TASK DESCRIPTION:
When you reach the line below that has "Balade familiale sur", start returning lines exactly, and stop after the line that has "नए साल में H"; skip the pictures.

DATA FOR ANALYSIS Start Marker

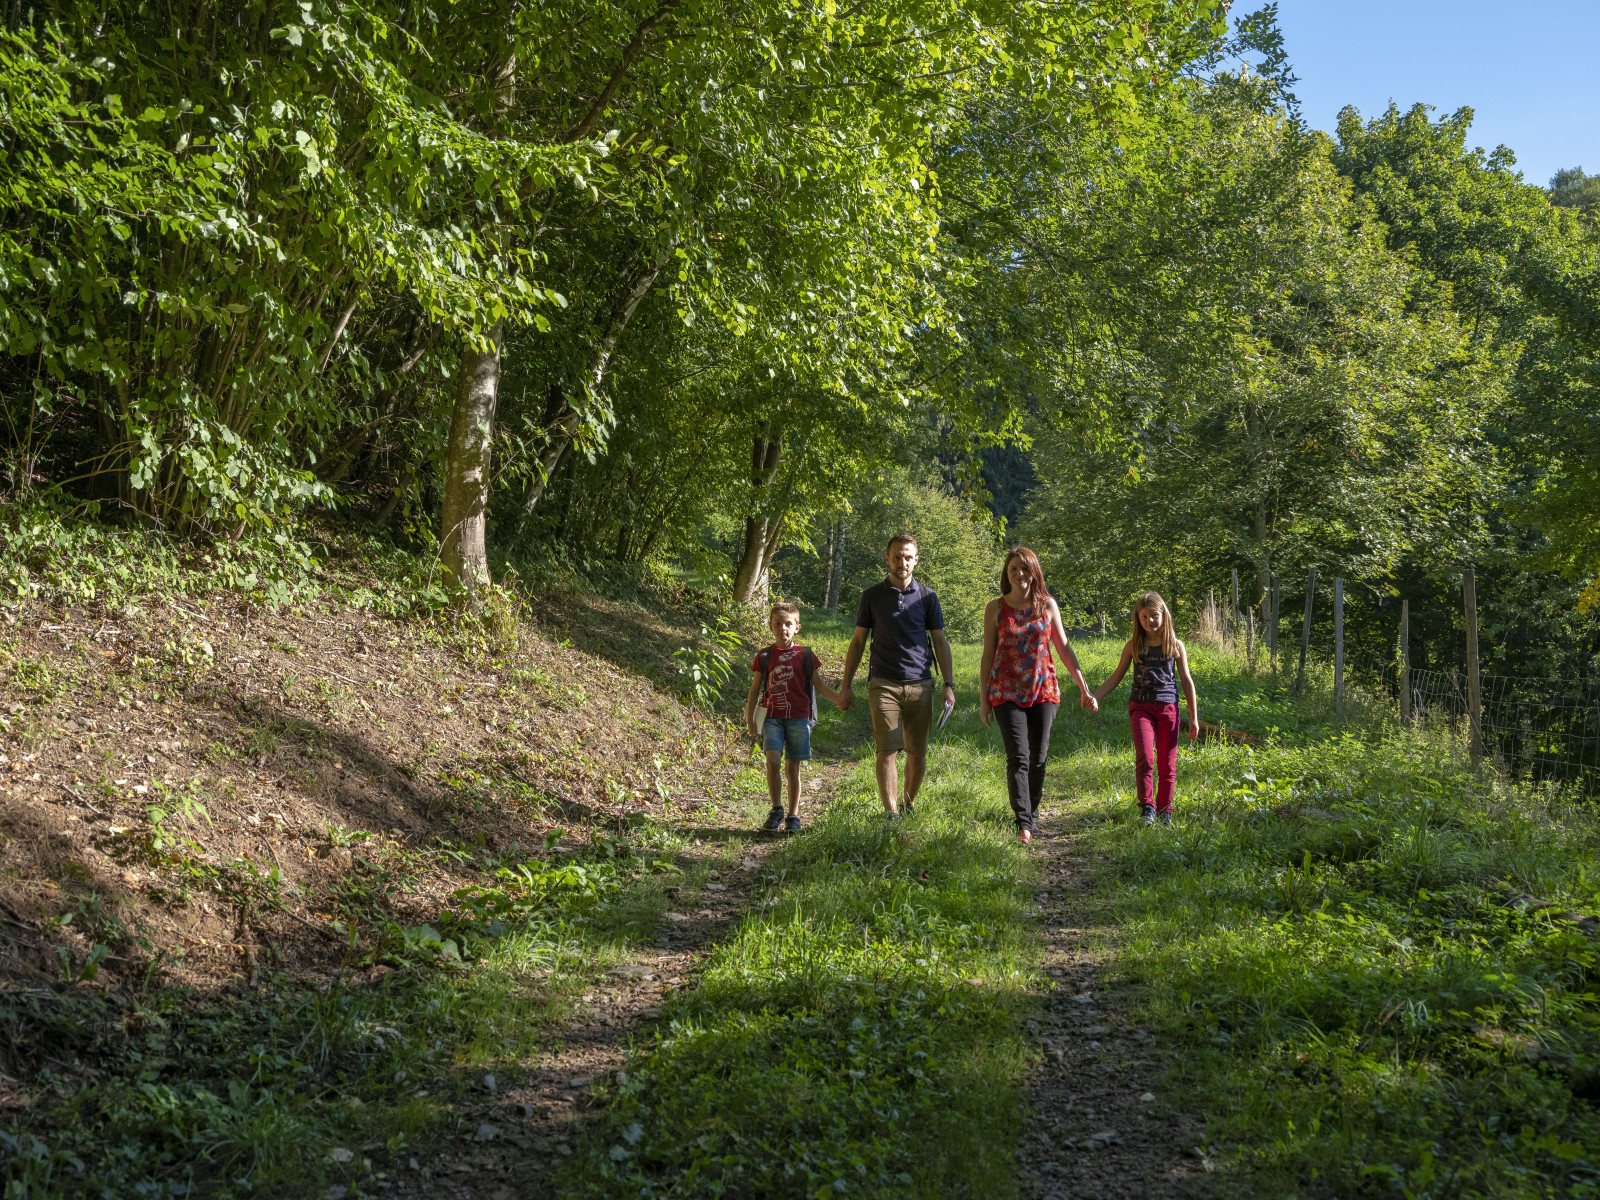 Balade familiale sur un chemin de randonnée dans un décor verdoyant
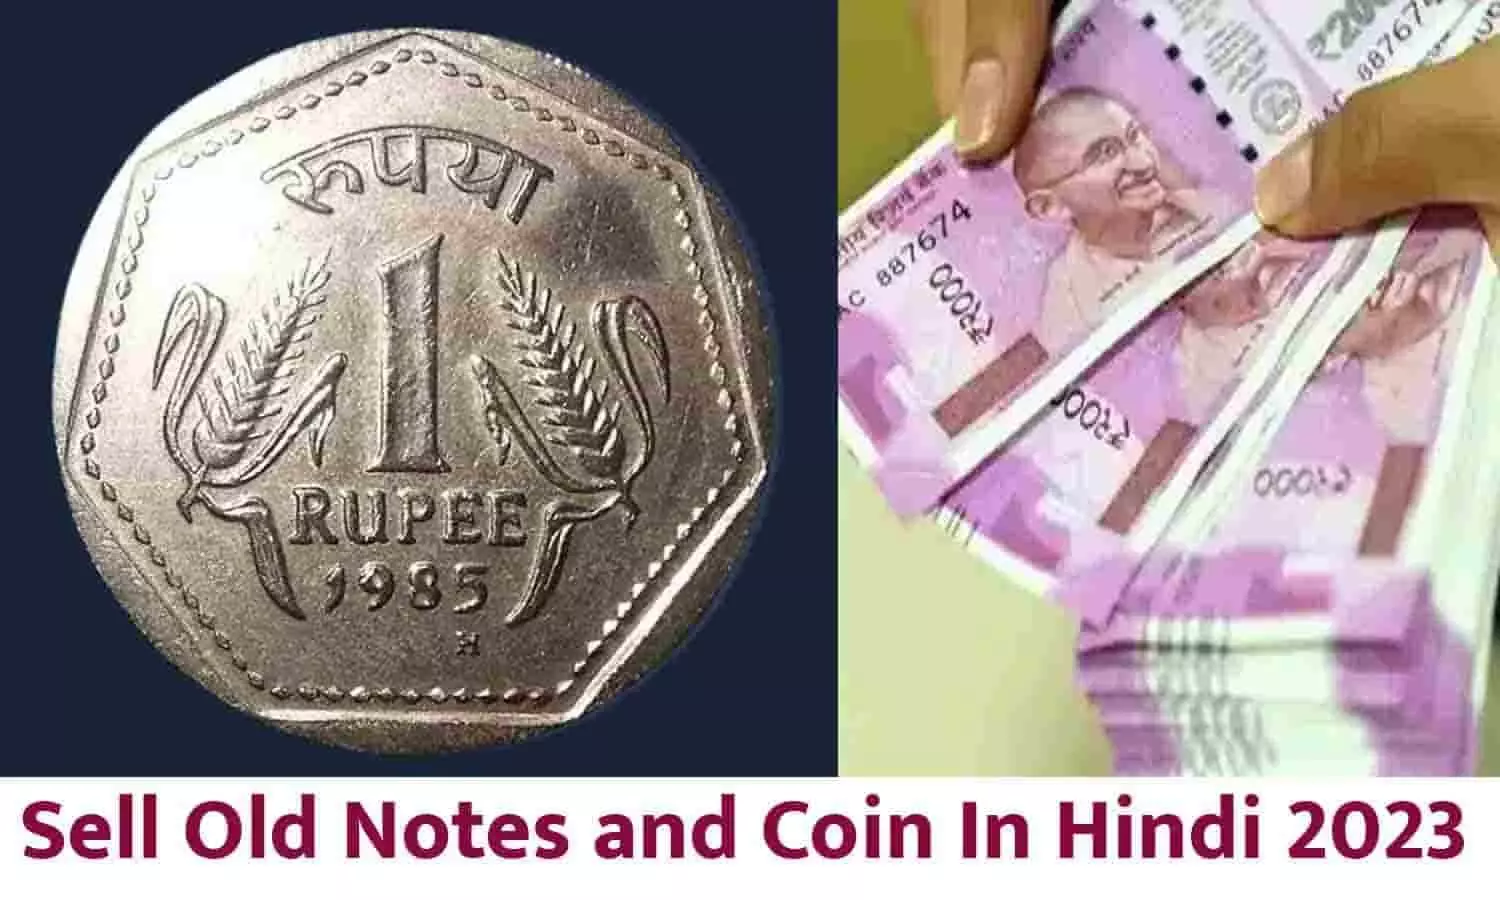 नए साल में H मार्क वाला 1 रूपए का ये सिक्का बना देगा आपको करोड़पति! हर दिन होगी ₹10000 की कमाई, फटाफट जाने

DATA FOR ANALYSIS End Marker
DATA FOR ANALYSIS Start Marker

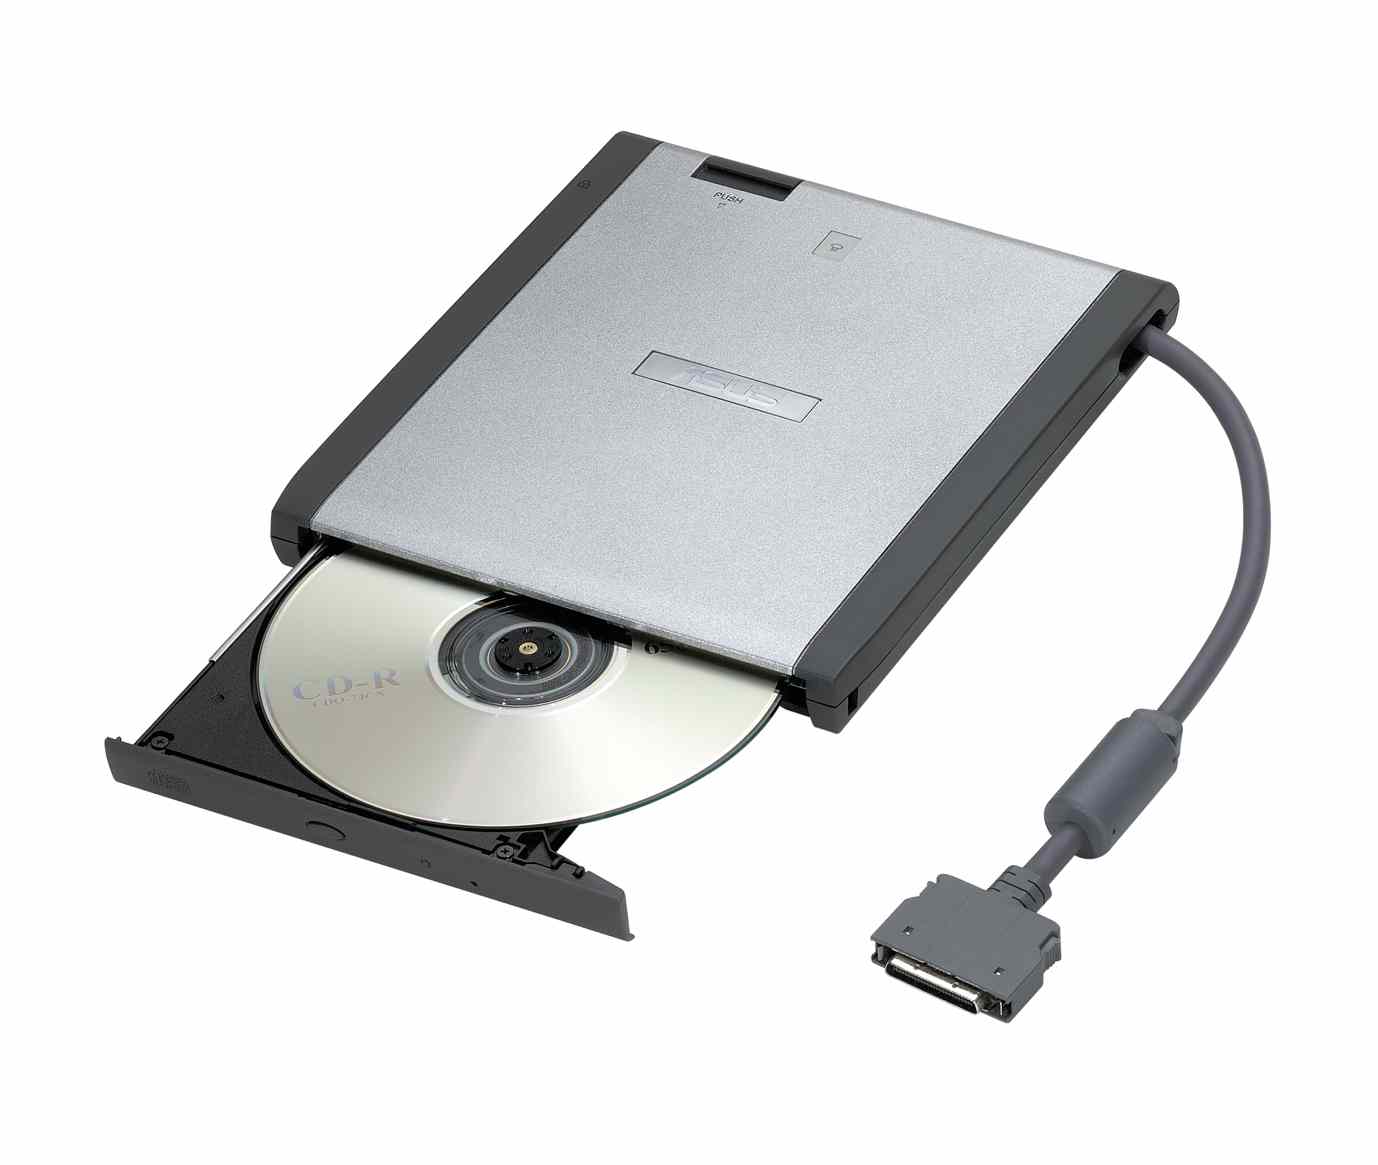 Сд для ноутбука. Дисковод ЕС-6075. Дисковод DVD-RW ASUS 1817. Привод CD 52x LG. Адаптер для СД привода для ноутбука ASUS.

DATA FOR ANALYSIS End Marker

SOLUTION BELOW:
 Balade familiale sur un chemin de randonnée dans un décor verdoyant
 नए साल में H मार्क वाला 1 रूपए का ये सिक्का बना देगा आपको करोड़पति! हर दिन होगी ₹10000 की कमाई, फटाफट जाने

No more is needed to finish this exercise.